Your goal
Omit all images, then repeat exactly the lines below from the one containing "De algen zorgen" through the one containing "La ganadora de", both ends included.

+++ Task inputs +++

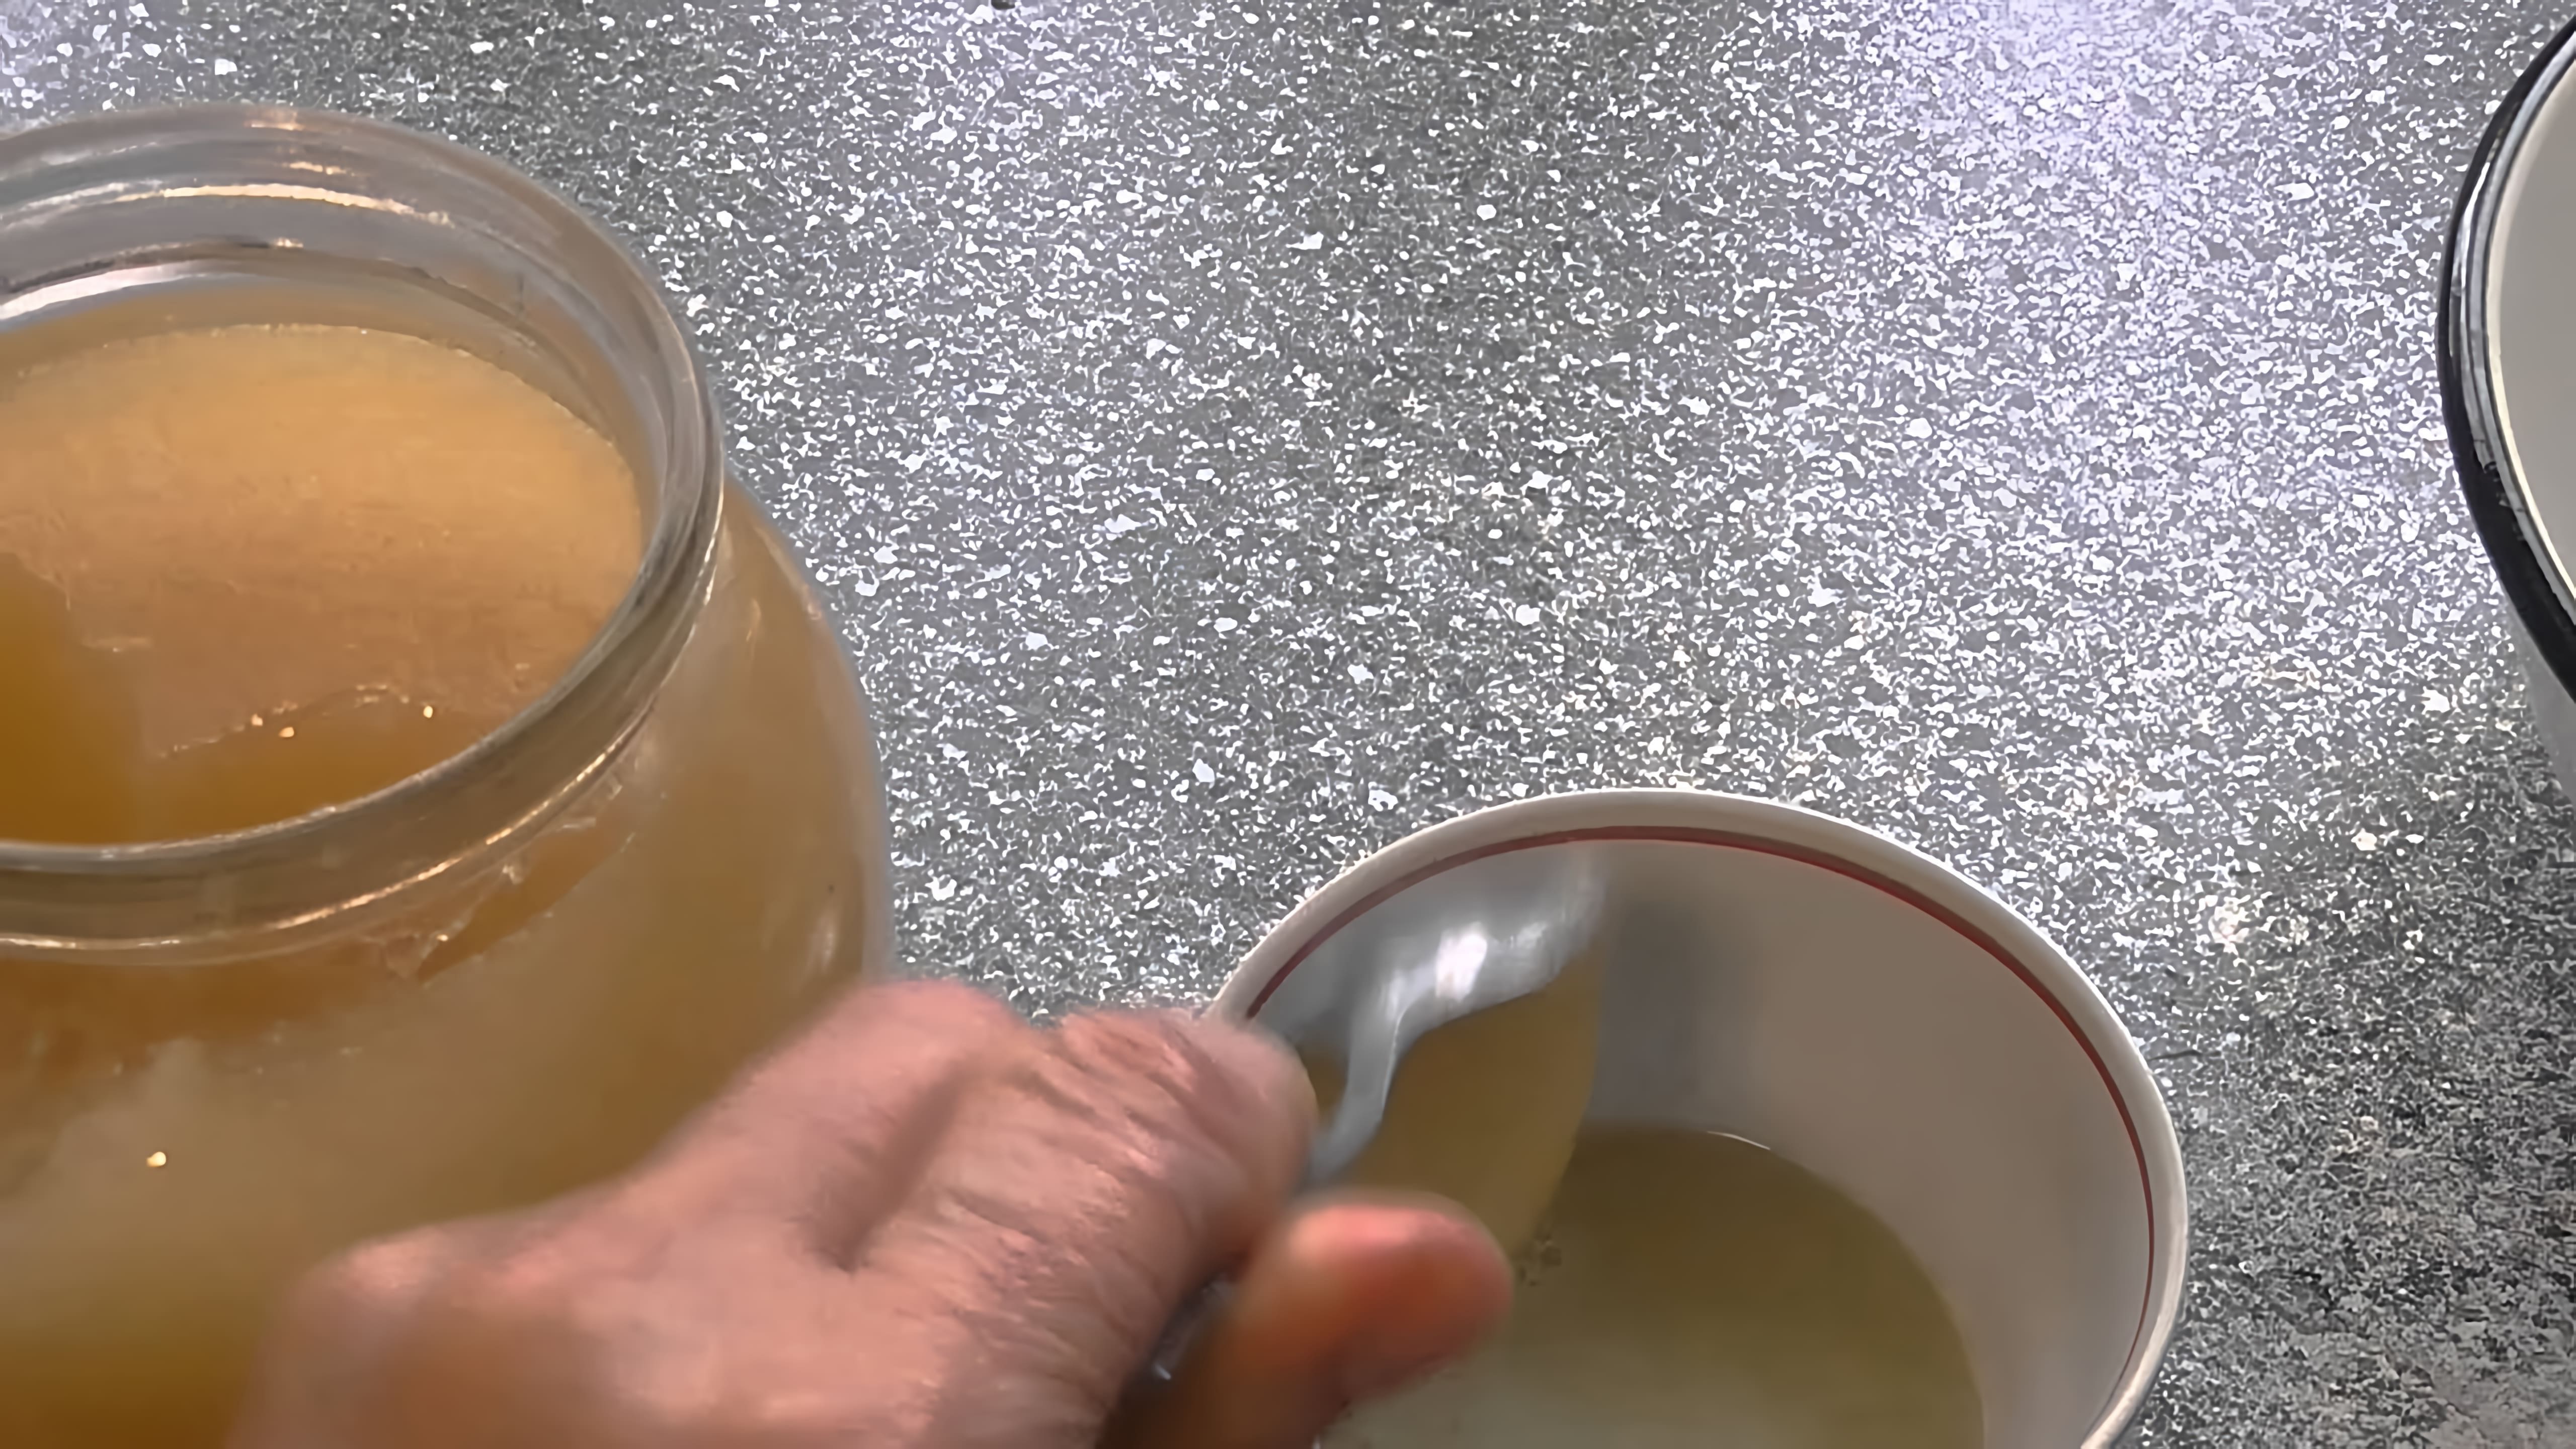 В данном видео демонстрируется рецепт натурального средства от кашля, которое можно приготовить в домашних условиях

+++
+++ Task inputs +++

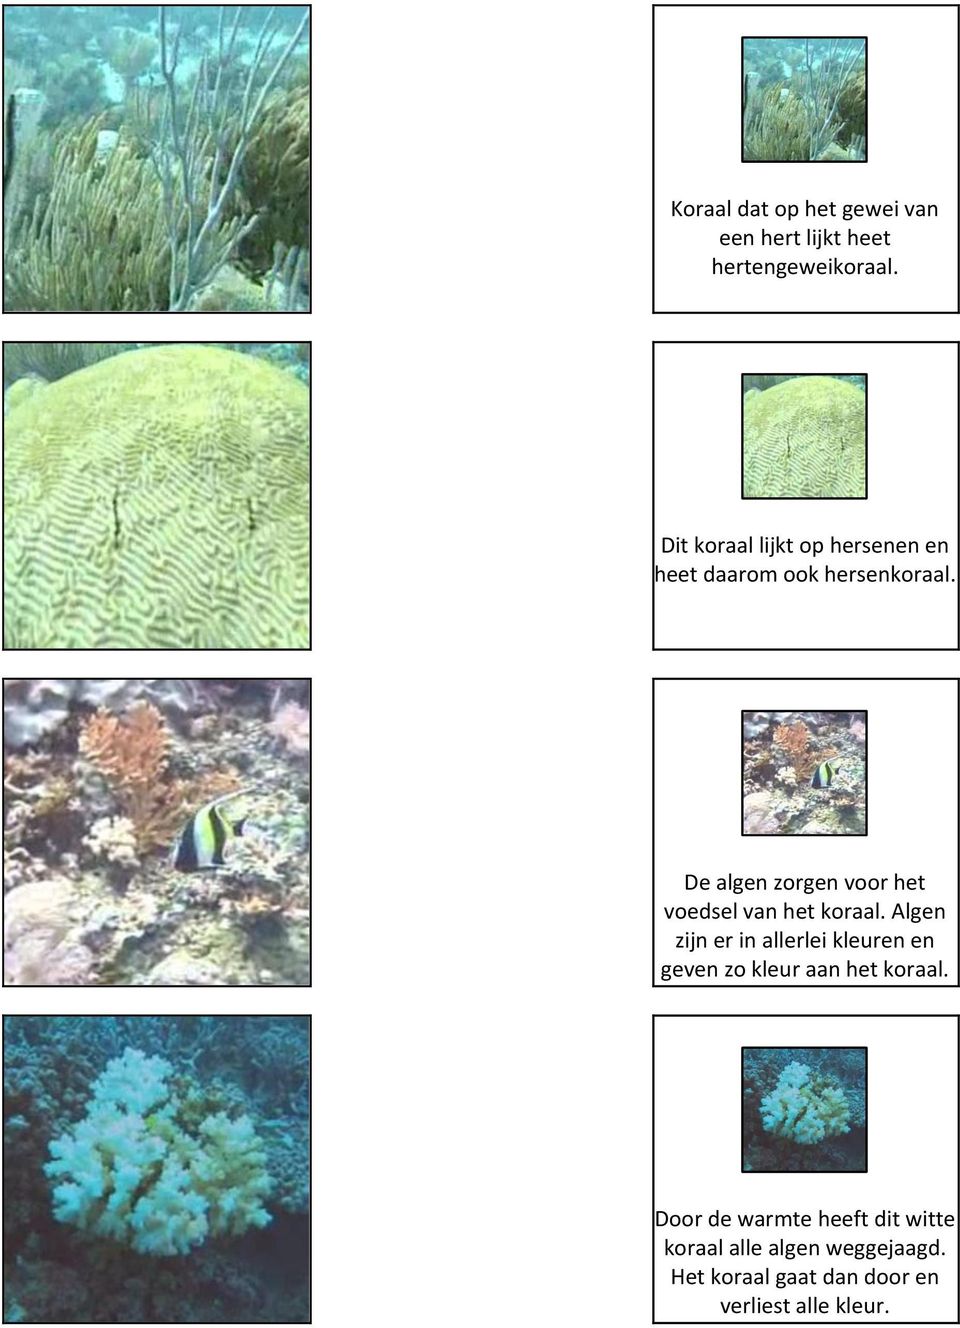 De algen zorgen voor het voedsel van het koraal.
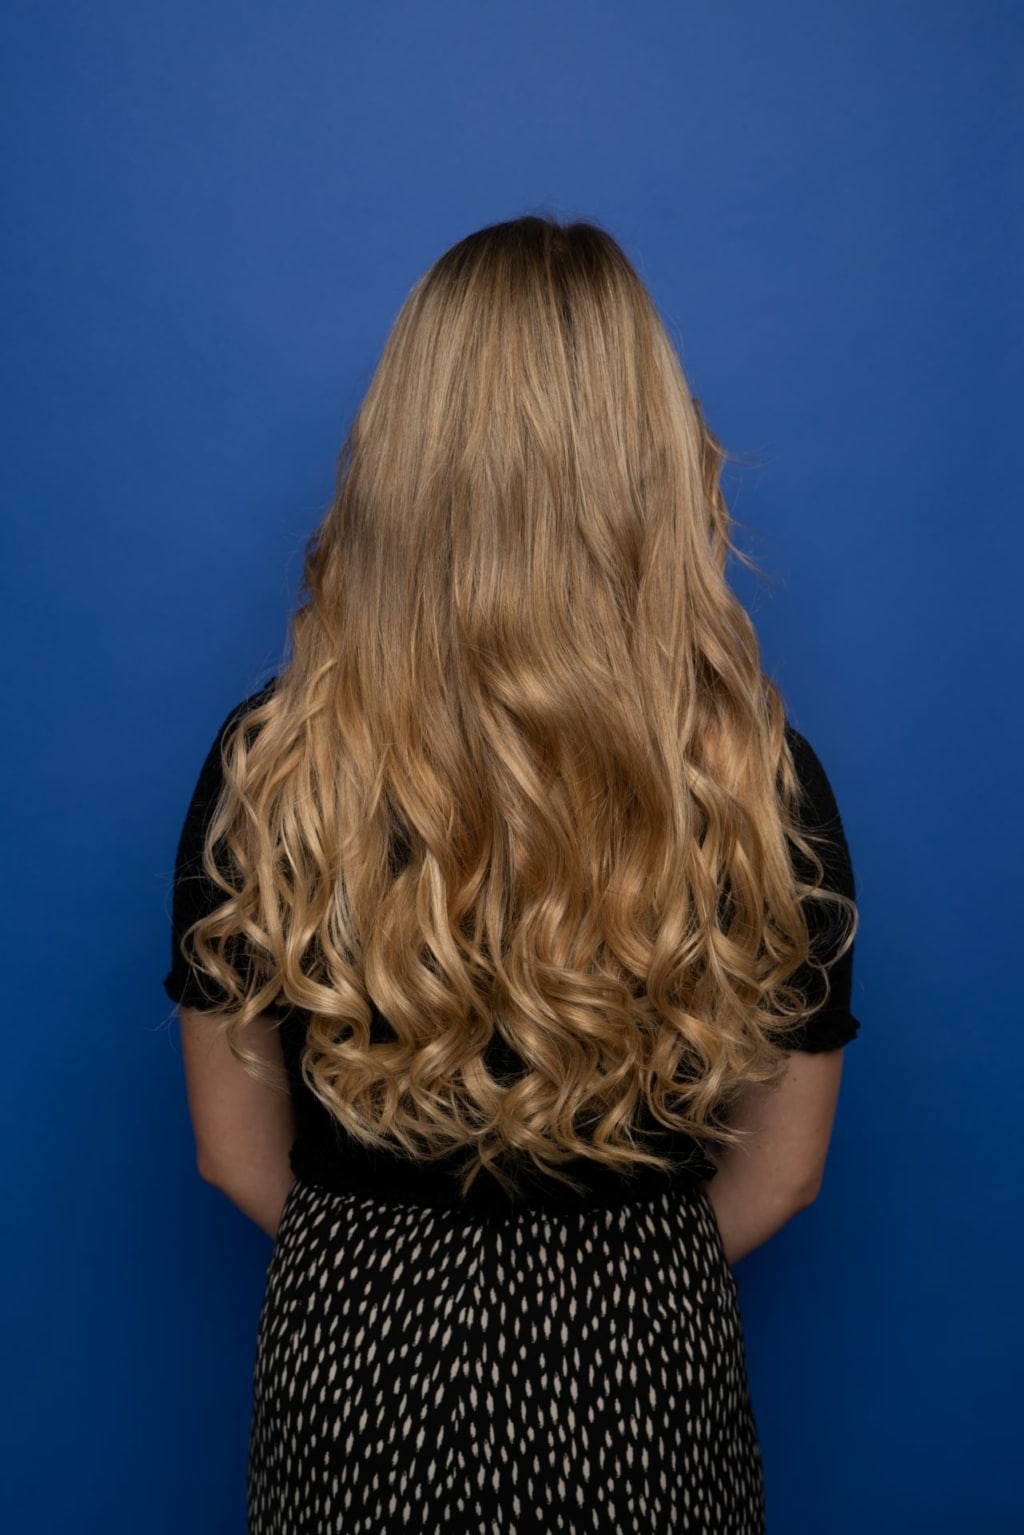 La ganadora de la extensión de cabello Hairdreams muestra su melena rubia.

+++

Result of the task
 De algen zorgen voor het voedsel van het koraal.
 La ganadora de la extensión de cabello Hairdreams muestra su melena rubia.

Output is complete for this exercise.